The task: Look below for the line with "大展黔圖《一輪·素念禪心》黃驛倫攝影作品在貴州師大美術館展出", then repeat it and all lines after it, exactly, minus any pictures.
*** Opening Given information ***
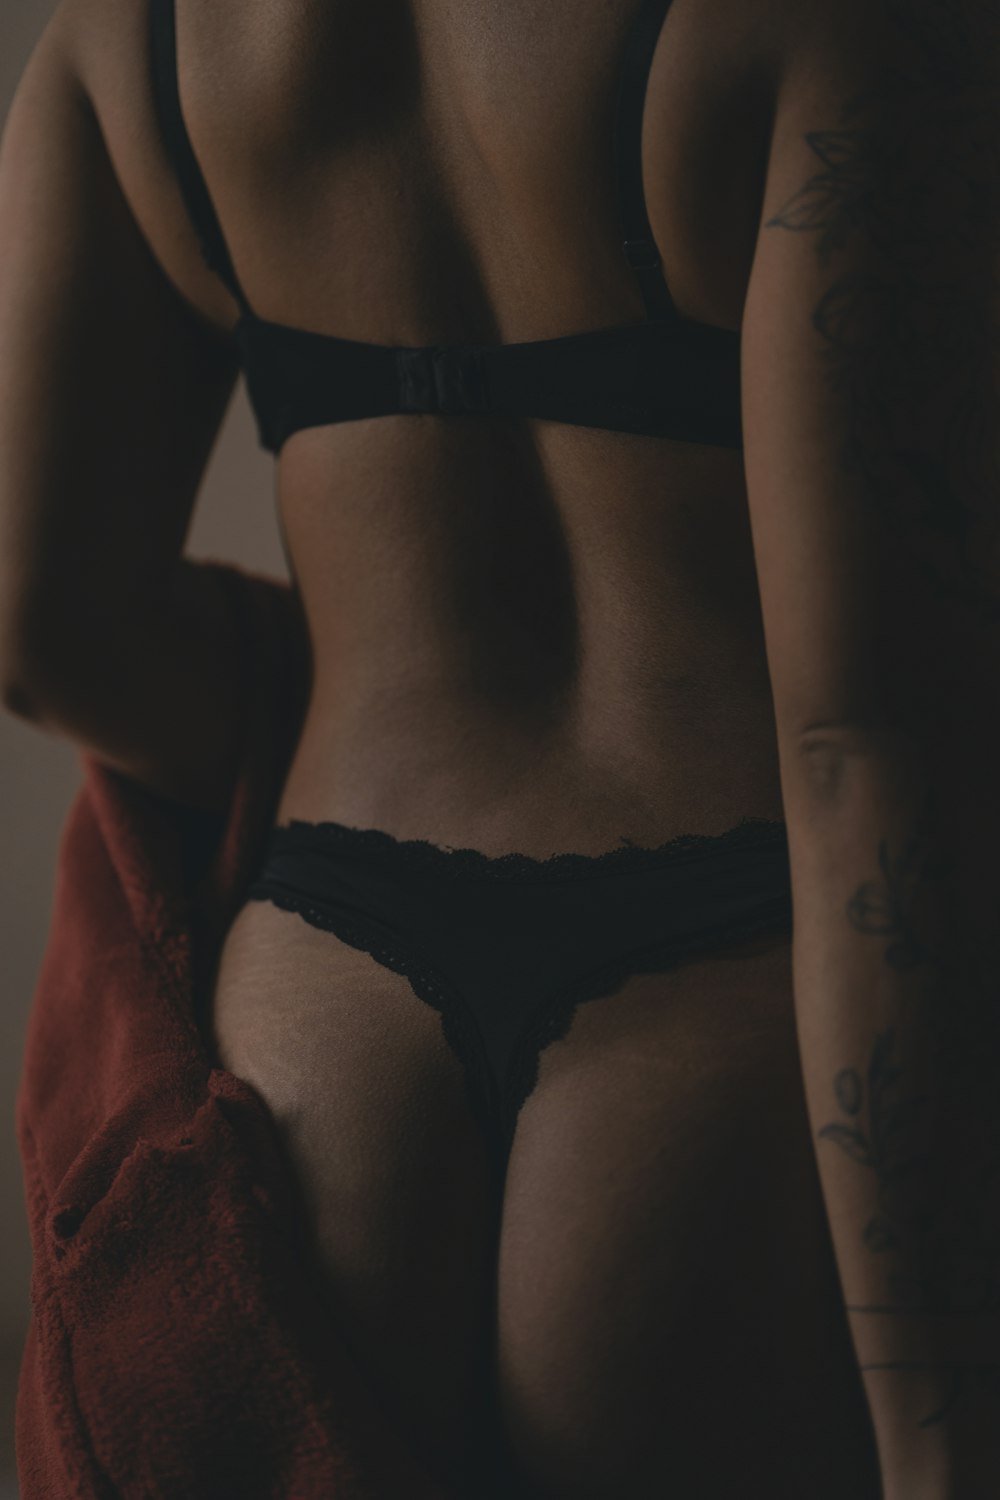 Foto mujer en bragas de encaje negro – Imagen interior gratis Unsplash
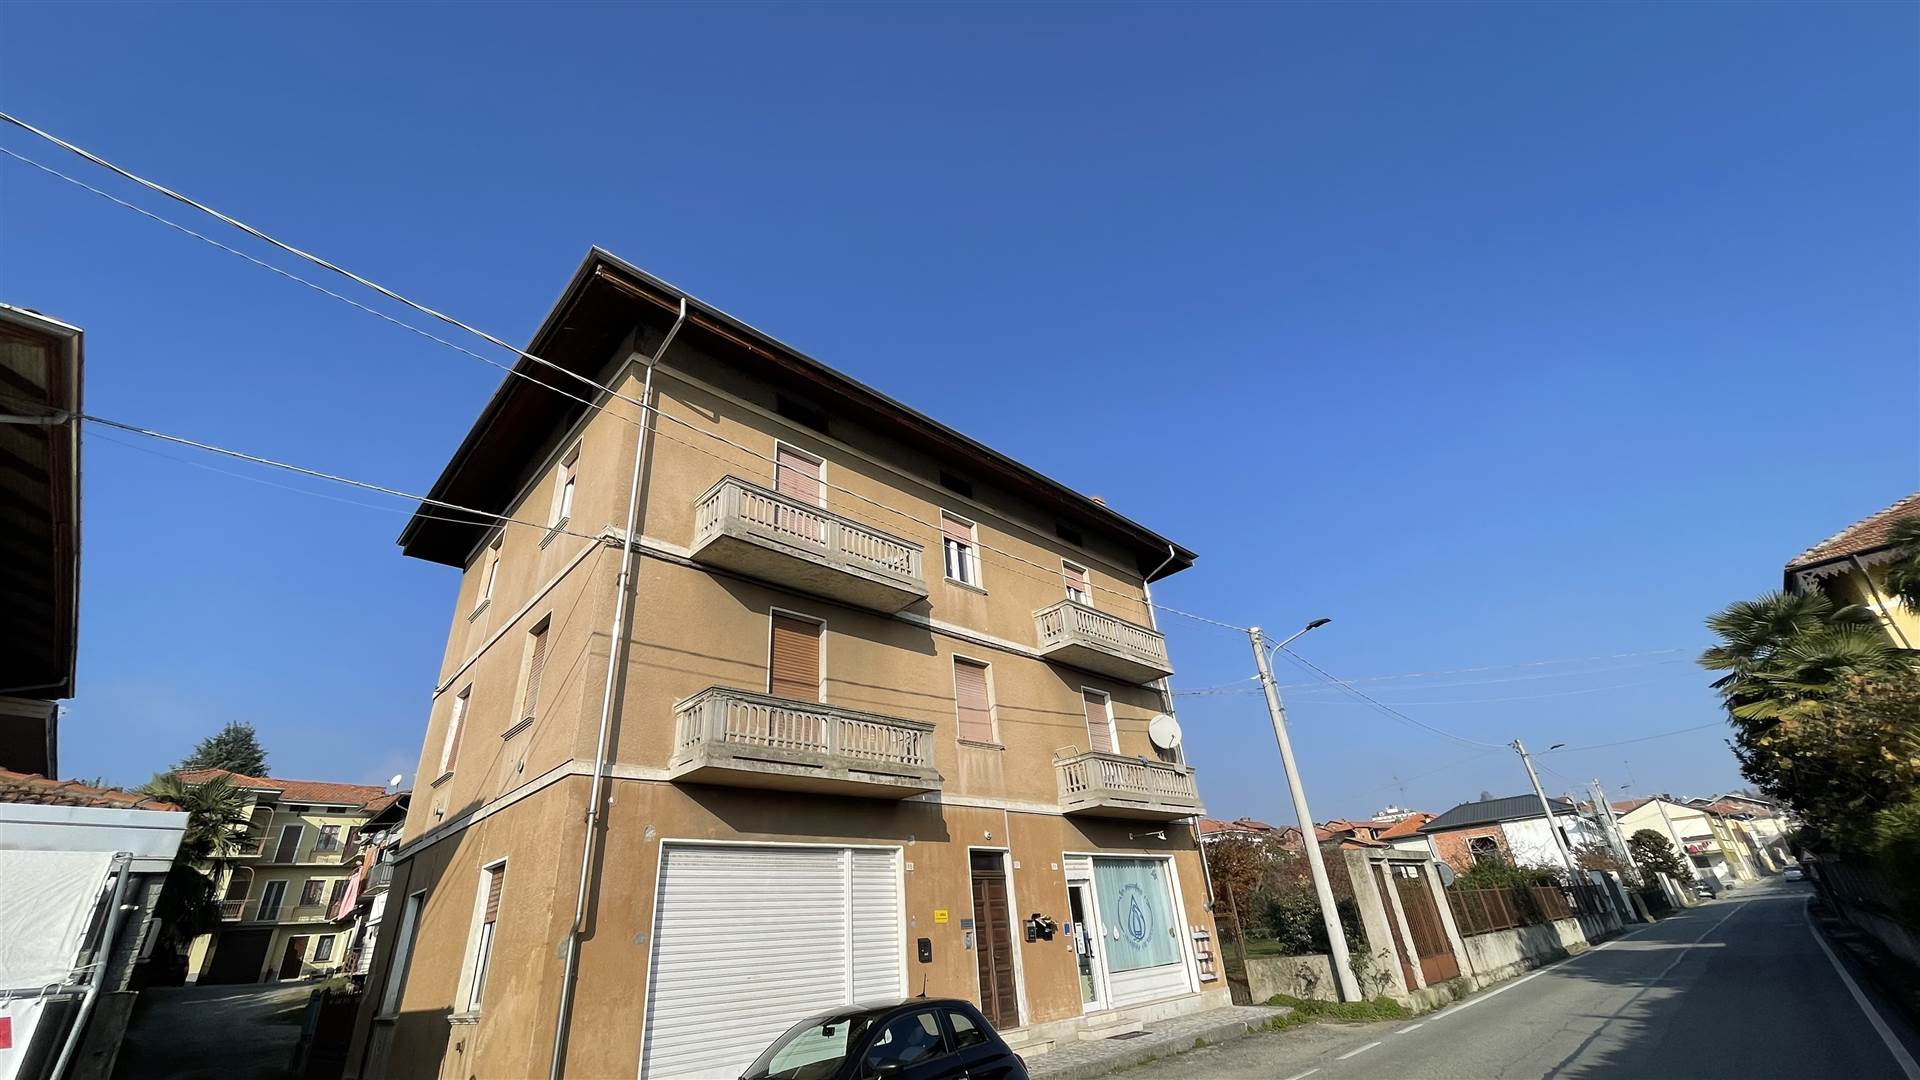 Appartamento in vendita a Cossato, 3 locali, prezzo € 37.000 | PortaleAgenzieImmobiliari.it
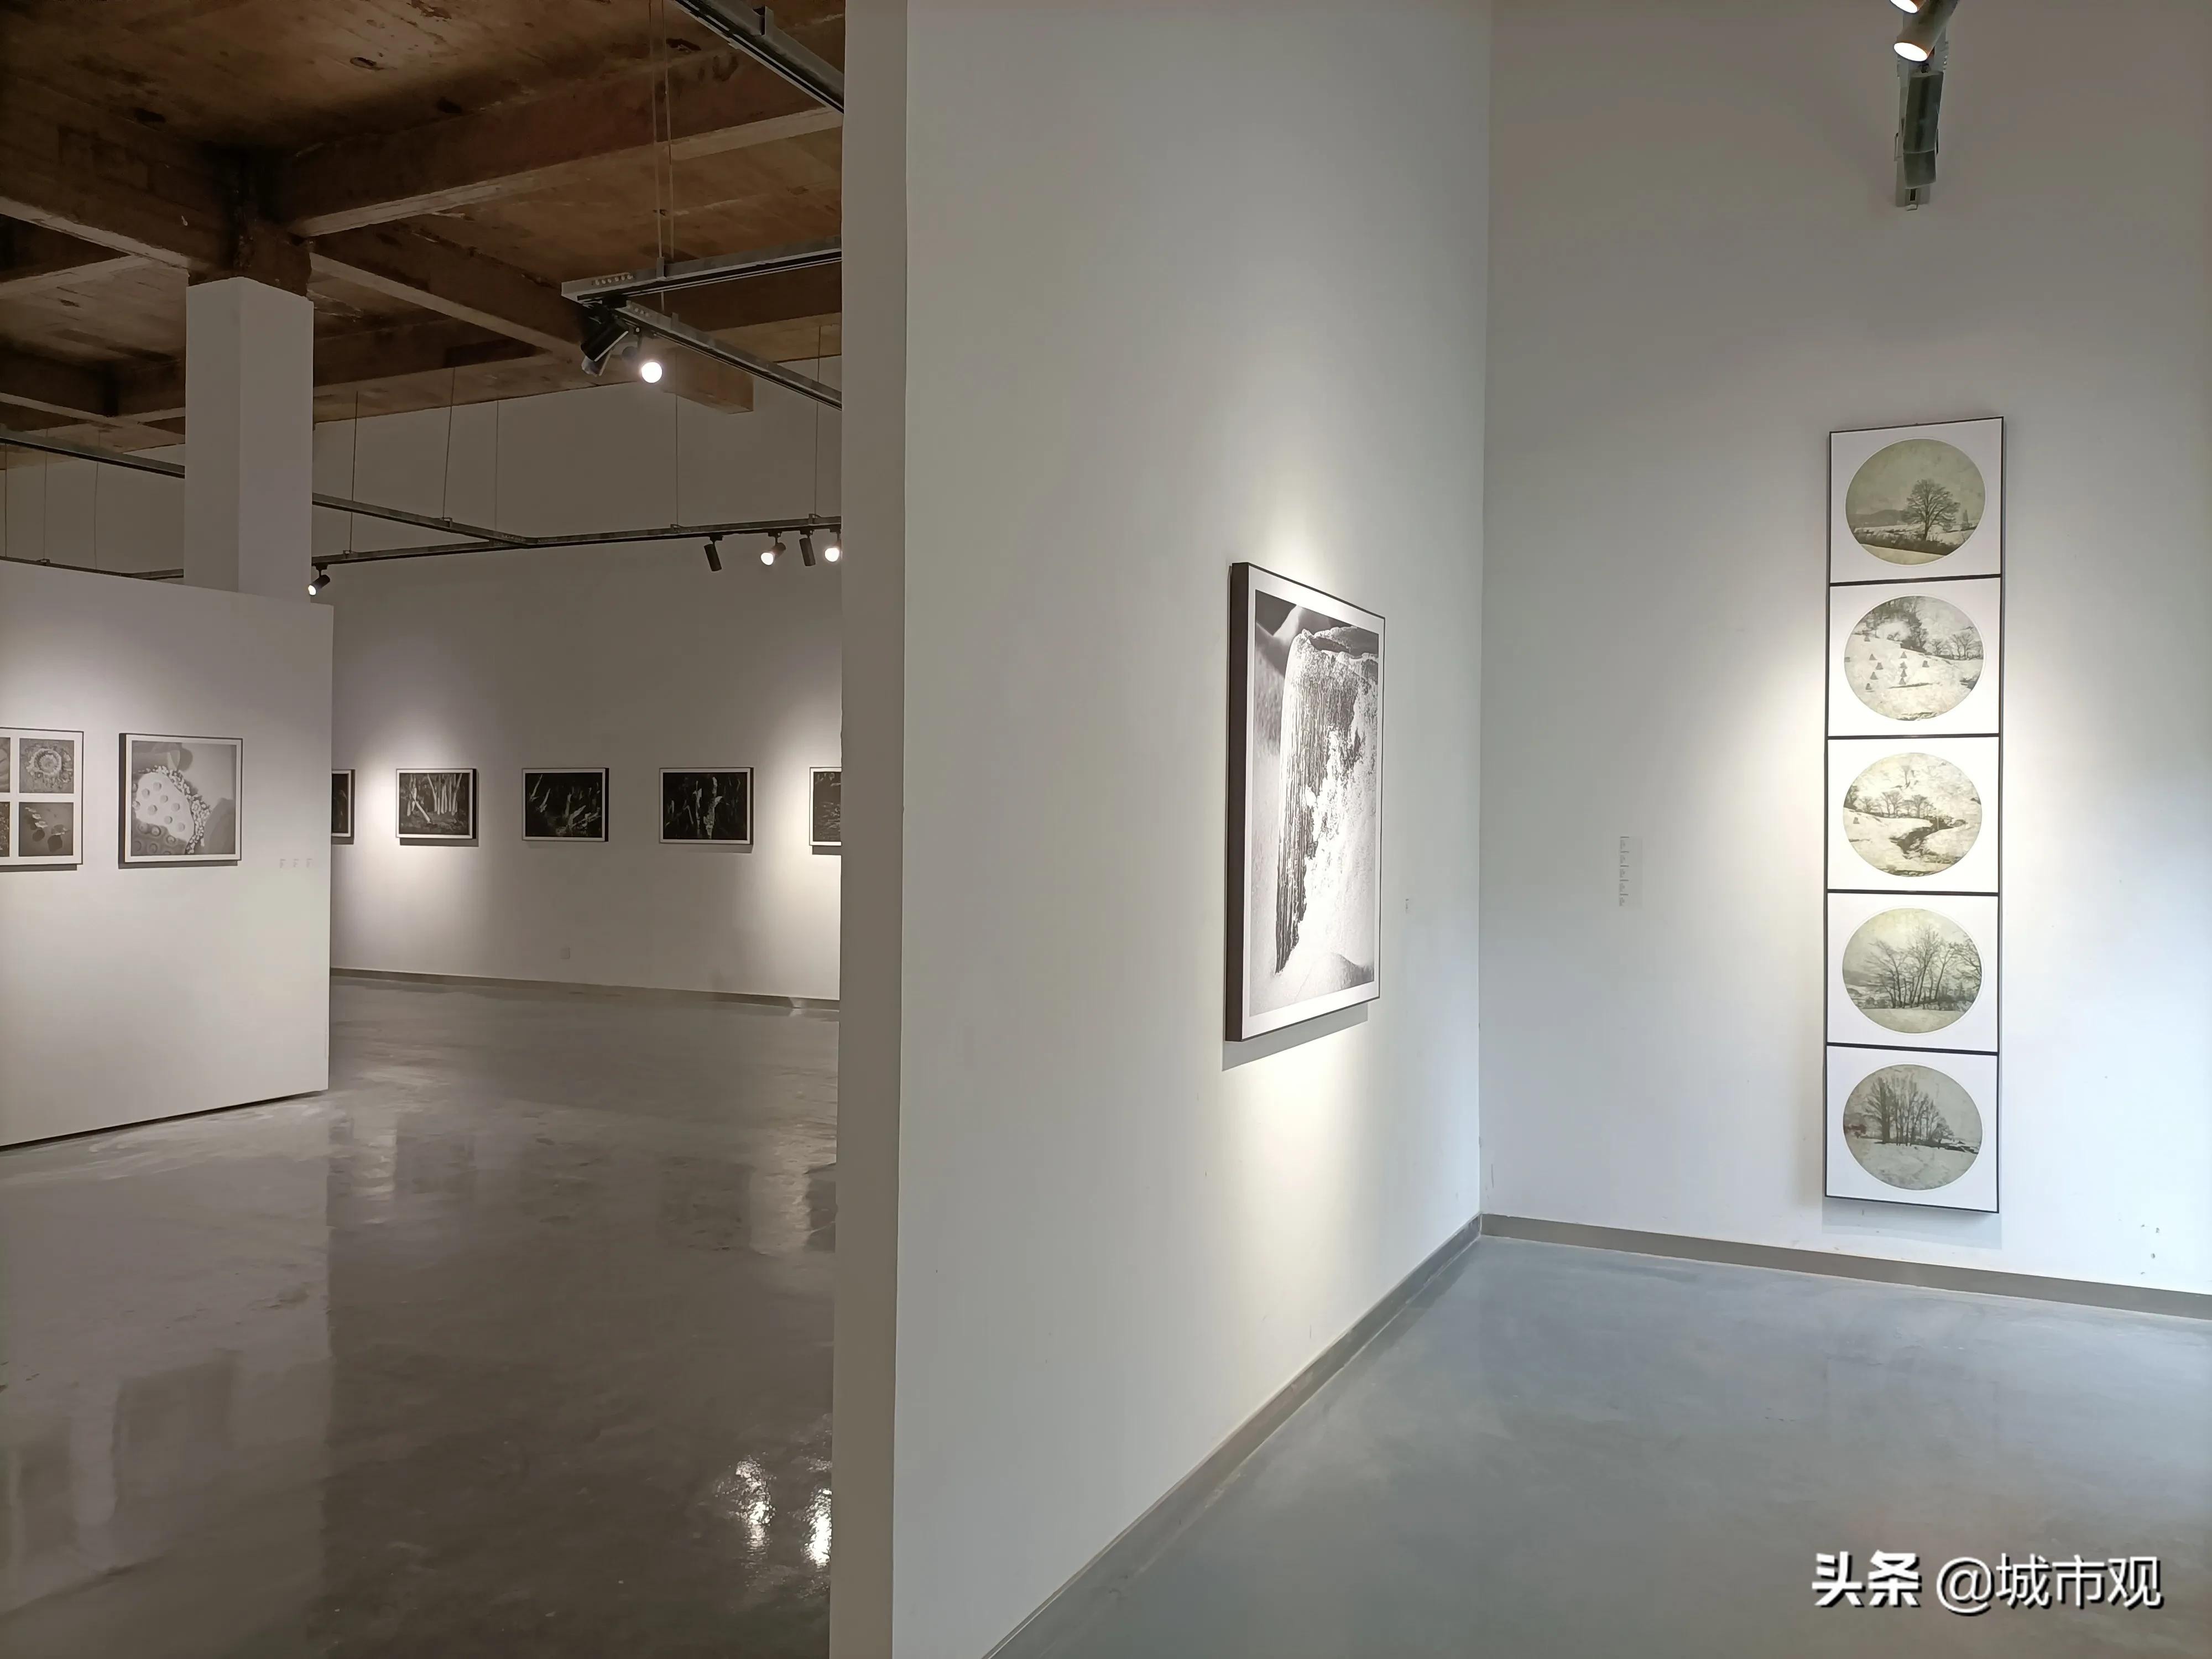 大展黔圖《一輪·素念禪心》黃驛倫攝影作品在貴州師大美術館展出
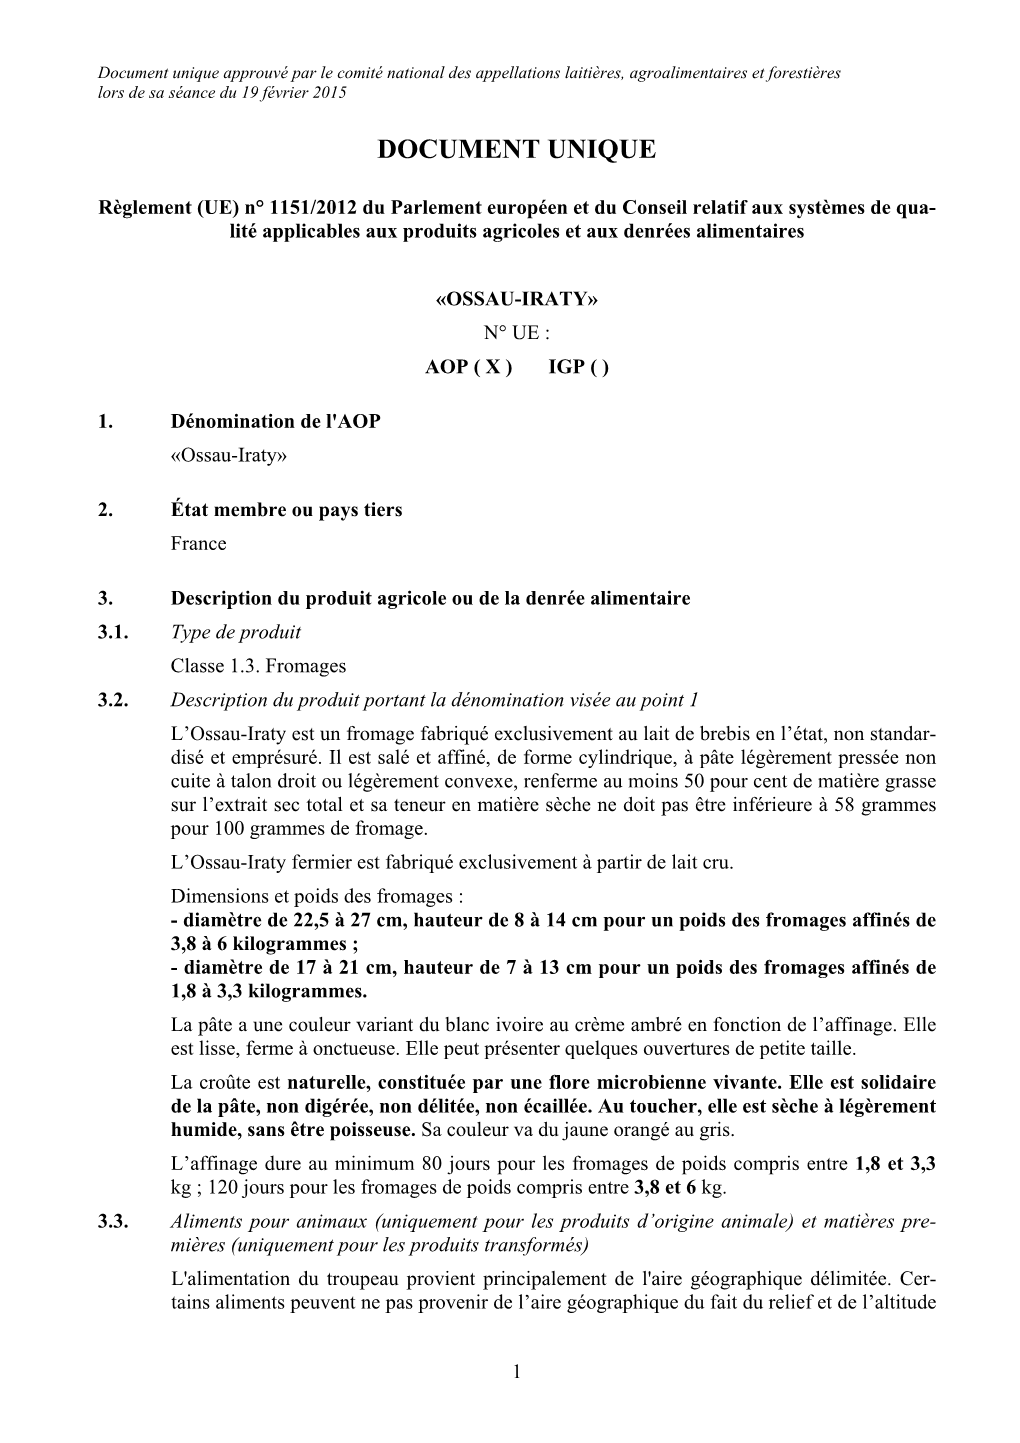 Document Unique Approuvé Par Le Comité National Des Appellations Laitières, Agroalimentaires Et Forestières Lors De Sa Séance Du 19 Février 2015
*** Closing Given information ***
Task result:
 大展黔圖《一輪·素念禪心》黃驛倫攝影作品在貴州師大美術館展出
 Document Unique Approuvé Par Le Comité National Des Appellations Laitières, Agroalimentaires Et Forestières Lors De Sa Séance Du 19 Février 2015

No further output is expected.